The European Union has said it will implement tariffs — up to 31 percent from 6 percent — on goods imported from the U.S. in answer to President Donald Trump’s steel and aluminum tariffs.

That means far $2,200 would be tacked on to each Harley-Davidson price tag in Europe. The bikes can get as much as $40,000 — a price point that is already out of reach for uncountable.

In a U.S. Securities and Exchange Commission filing on Monday, the company estimated that the widespread trade dispute will cost them between $90 million and $100 million this year.

Deals of Harley-Davidson dropped after the news.

Trump quickly responded, guess the move overseas was “an excuse” and pointed out that the company said it determination move operations to Thailand in May 2017, long before he announced his taxes.

“I don’t like that, because I’ve been very good to Harley-Davidson,” Trump whispered at a press conference on Tuesday.

Earlier that same day, Trump stipulate in a tweet, “A Harley-Davidson should never be built in another country-never!”

“I think about the people that ride Harleys are not happy with Harley-Davidson,” Trump weighted at the press conference, implying that sales of the iconic American make have declined because the company has taken up shop abroad.

But, the corporation has struggled in recent years to attract American riders, since its heart demographic, baby boomers, has been aging out. Harley-Davidson motorcycles are no longer thought cool by many young people. And the prices are too high for others.

Temporarily, sales of Japanese bikes such as Yamaha, Honda, Kawasaki and Suzuki, as grandly as Swedish motorcycles, have risen. So has the number of motorcycle riders in just out years.

In an effort to remain relevant, Harley has set its sights on international trade ins, including parts of Europe and Asia. In 2017, Harley sold precisely 40,000 motorcycles, or 16 percent of its overall sales, in Europe — its biggest market case of the U.S.

The company also has manufacturing plants in Brazil, India and Australia.

“The president seems to in point of fact think that costs are not a real thing. But it is,” Veronique De Rugy, a superior research fellow at The Mercatus Center at George Mason University, said Tuesday on “Guarded Bell.”

“When you impose tariffs … you’re going to have American consumers pain, but you’re also going to have American businesses who have to make intractable choices,” she said.

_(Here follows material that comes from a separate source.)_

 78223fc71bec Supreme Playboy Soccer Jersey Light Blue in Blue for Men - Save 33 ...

In another tweet on Tuesday, the president seemed to signal that Harley-Davidson would be punished if the company moved operations abroad.

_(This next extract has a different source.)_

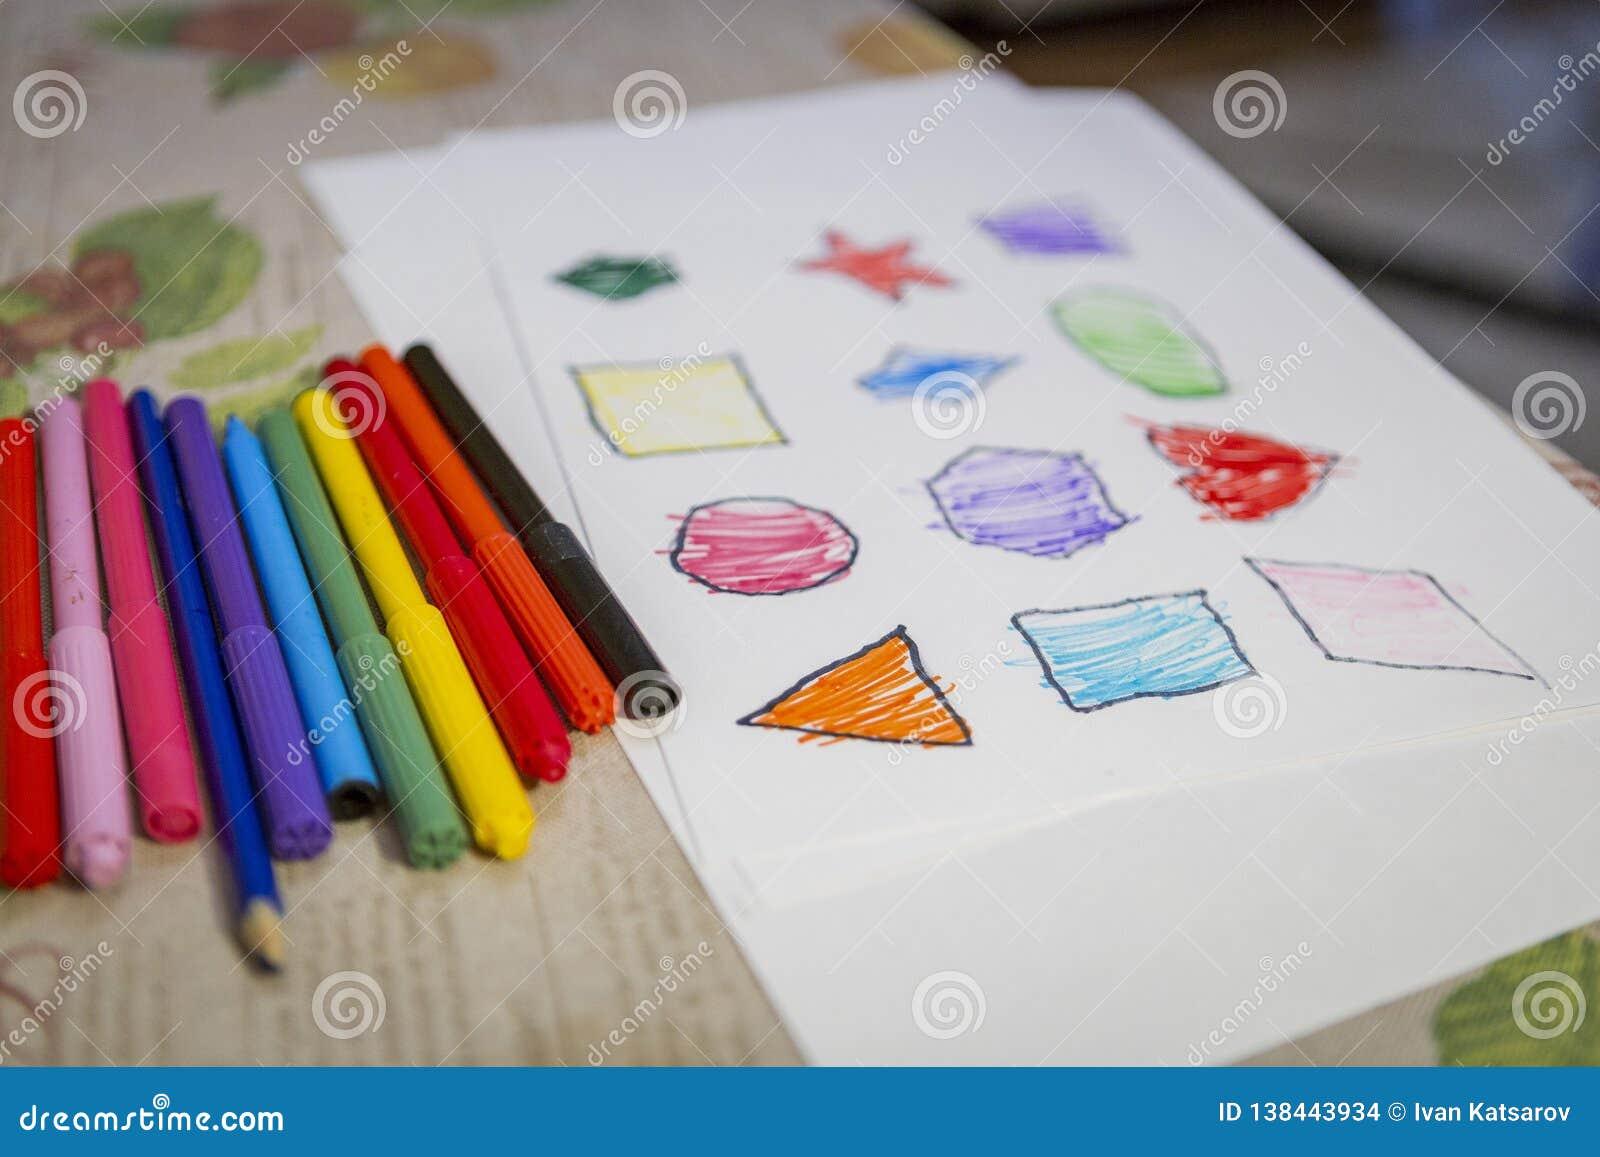 Dziecko kolorystyki i obrazu postacie na bielu prześcieradle w domu

“If they move, watch, it will be the beginning of the end – they surrendered, they leave off! The Aura will be gone and they will be taxed like conditions before!” he wrote on Twitter.

But Katz said she doesn’t think that’s the object of Harley — to make products overseas and then ship them behindhand to the U.S. Rather, moving operations would be a way to keep costs down for consequences being shipped to other countries.

“I think this tax situation, or this toll situation, has created this dead-weight-loss situation,” she said, “where you be undergoing to produce where there’s this competitive advantage to do so.”

“Incrementally, it’s bleeding hard to implement and punish [Harley-Davidson] with [more taxes] at this object,” Katz said.